Buying something from Amazon? Please consider using my affiliate links - Amazon.com or Amazon.co.uk - You get your stuff, Plan-G gets a little boost :)   

Main Menu

Unicode bug in FSX flightplans

Started by B21, January 21, 2010, 09:26:29 AM

Previous topic - Next topic

B21

Msoft switched from ascii to Unicode for the flightplan with FSX (but not the other FSX text files...) It seems like the Plan-G FSX flightplan isn't being written quite correctly as a Unicode file...

I've attached a simple Plan-G plan to show the issue - simplest test is to open it in Wordpad and you see the 'degree symbols' display incorrectly in fields such as DepartureLLA. I was able to use a text editor (the excellent freeware Crimson Editor) to load the file and then save it as Unicode, which worked fine.

FSX *will* read the Plan-G flightplan ok, so its input routine is ignoring the text between the degrees and minutes (where the degree symbol appears), so this isn't an issue for most of your users. I am reading flightplans into my FSX module sim_logger (an IGC-format secure logging utility) and hit a glitch reading Plan-G flightplans, although I was reading FSX flightplans without a problem so I took a deeper look.
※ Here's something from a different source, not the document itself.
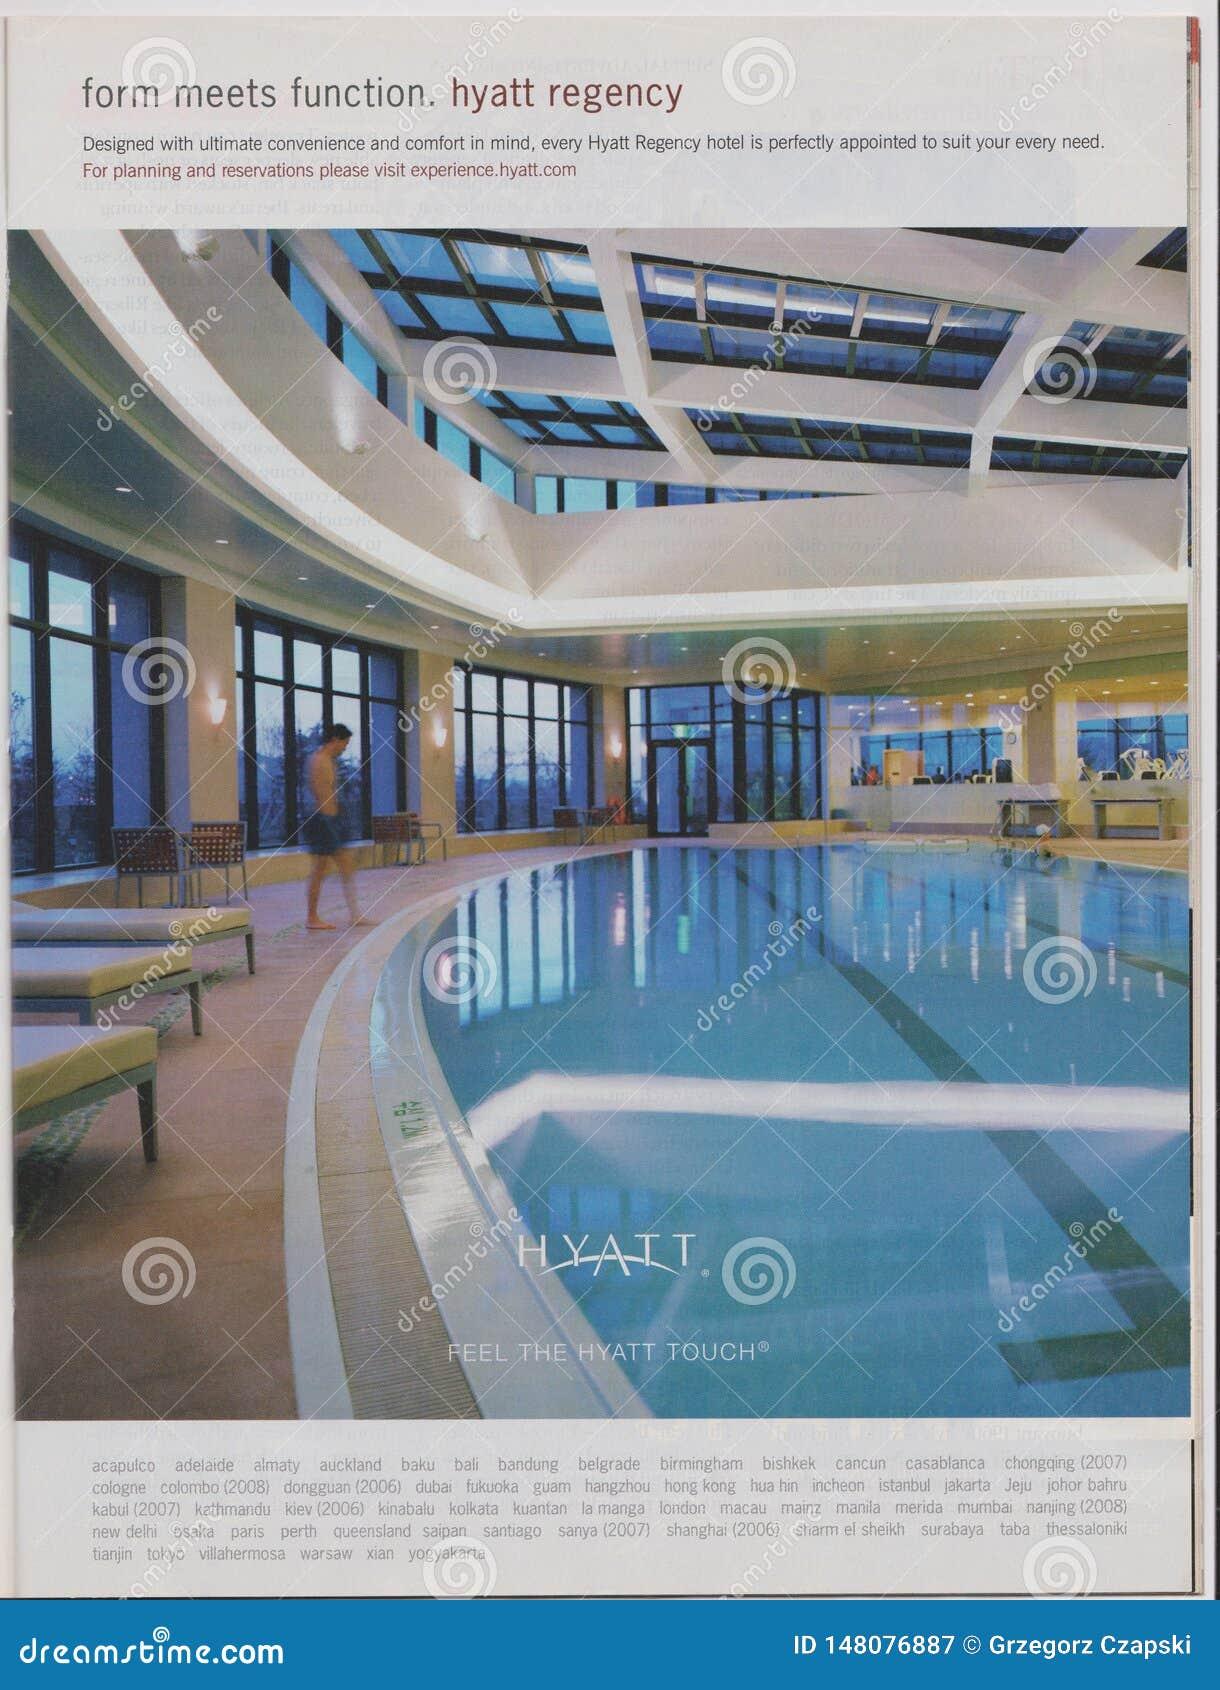 Poster advertising Hyatt Hotel in magazine from October 2005, form meets function. Feel the Hyatt touch slogan

I've implemented a workaround in sim_logger (mentioned below) but thought you should be aware.

(In VC++) I open the flightplan file for a unicode read:
fopen_s(&f, filepath, "r, ccs=UNICODE")
then loop reading in lines with
fgetws(in_buf, MAXBUF, f)

Given an LLA string such as
<DepartureLLA>N50° 55' 32.08",W0° 28' 12.51",+000107.30</DepartureLLA>
I use sscanf with the format string including the degree symbol
"%c %d° %d' %f\", %c %d° %d' %f"
(FYI I ignore the altitude element on the end)

This works for FSX but for Plan-G it fails to parse the record due to the 'degree symbol' issue.  My workaround is to modify the sscanf format string
"%c %d %*s %d' %f\", %c %d° %d' %f"
i.e. there is  %*s (ignore multiple non-whitespace chars) where the degree symbol used to be.

My guess  is when you open the file for writing, you're not using the 'open unicode text file for writing' call in whatever language you're using so it's ending up as ascii with a double-byte degree symbol (just a guess).

Not a problem for the vast majority of users I'm sure, as FSX loads these flightplans fine.